La historia, no obstante, no acaba aquí. Un tío y aliado de Zeus, el titán Prometeo, engañó y
traicionó al nuevo rey de los dioses, entregando a la humanidad el fuego y las artes, con las
que podrían sobrevivir sin la ayuda de los dioses olímpicos. Es decir, les dio libertad y
autonomía política a los pobres mortales. Zeus no podía dejar que minaran de esta forma su
autoridad, así que encadenó a Prometeo a una roca del Cáucaso. A lo que Prometeo respondió
profetizando que también Zeus acabaría destronado por uno de sus hijos. Al negarse el titán
a descubrir quién sería el hijo rebelde, Zeus redobló el castigo a Prometeo: además de
permanecer encadenado, enviaría cada día a un águila para que se comiera su hígado. La
inmortalidad de Prometeo convertía en interminable este suplicio. Prefirió, no obstante,
malvivir con dignidad antes que someterse a los caprichos de un nuevo tirano a quien, por
otra parte, había ayudado a auparse en el poder.
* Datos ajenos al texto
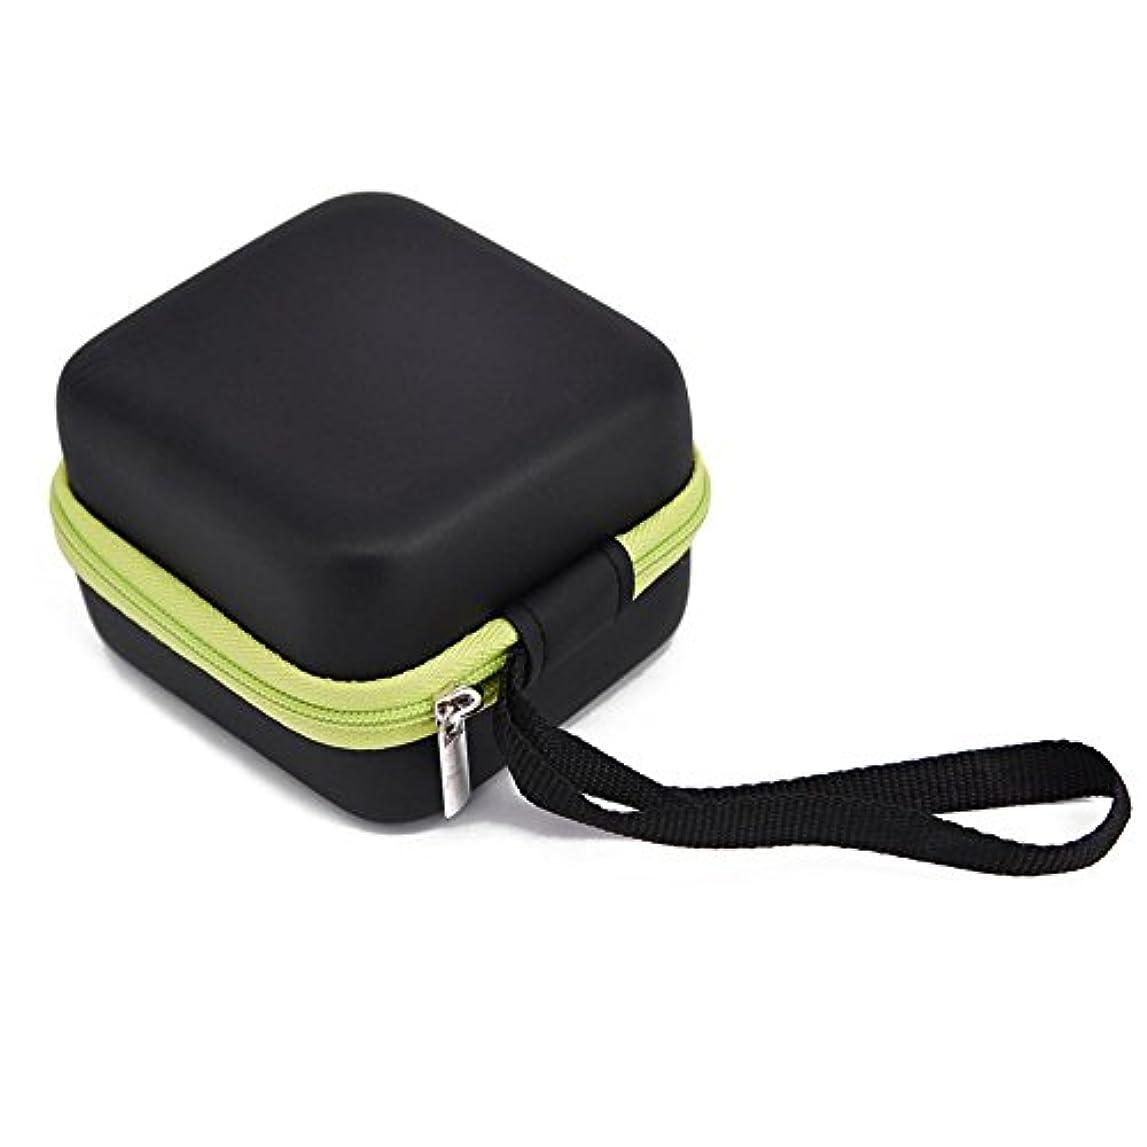 協同モジュール審判Farlong 7グリッド 5ML 精油貯蔵袋 エスニックスタイル オイル収納ボックス 人気の 精油 ケース 5色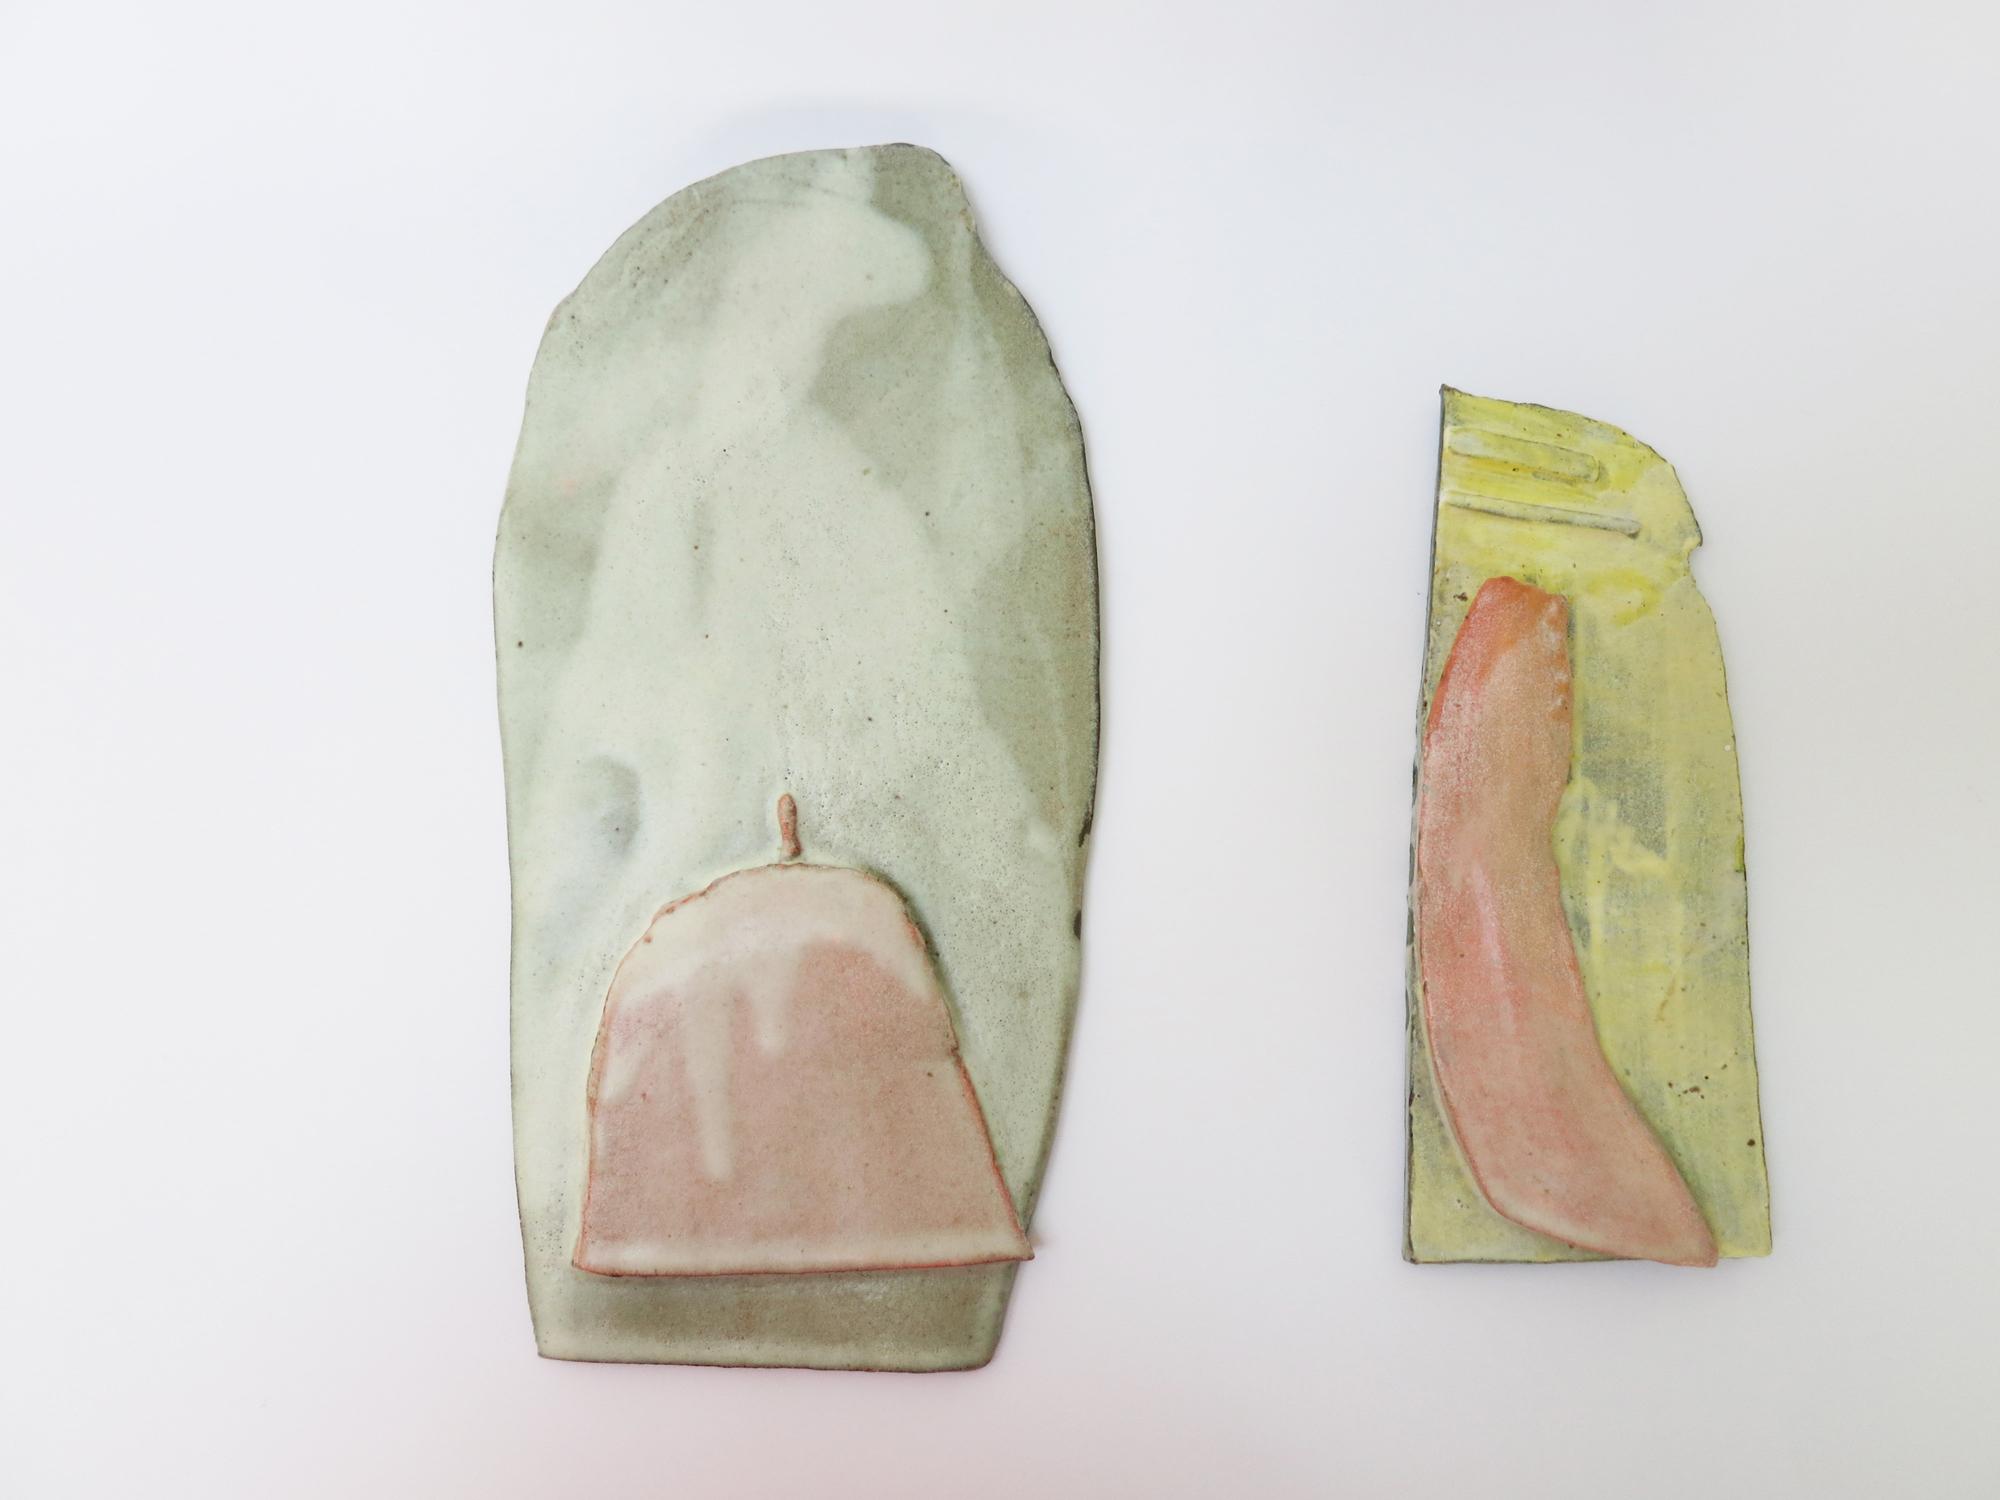 Sara Gassmann, SCHWARTE I, 2016. Glazed ceramic. 22 x 15.5 x 9 cm.

Posteriormente, otro mito, el de Edipo, reproducirá este esquema circular de padres celosos
que desean eliminar la competencia de sus descendientes y de hijos que, de forma bastante
comprensible, pretenden sobrevivir ocupando el lugar de unos padres cuya codicia y soberbia
han destruido su presente y su futuro.

Los romanos llamaron Saturno al griego Cronos. Celebraban unas fiestas en su honor
llamadas Saturnalia que, por cierto, tenían lugar a finales de diciembre. ¿Les suena de algo?
En todo caso, si quieren acabar de entender el colapso del sistema político español, les
recomiendo que vayan al Museo del Prado. Concretamente a la sala de las pinturas negras
de Goya. Allí, además de detenerse ante la demoledora Duelo a garrotazos, pueden
estremecerse ante otra obra, Saturno devorando a un hijo, lamentablemente más actual que
cualquier viñeta aparecida en los periódicos de hoy.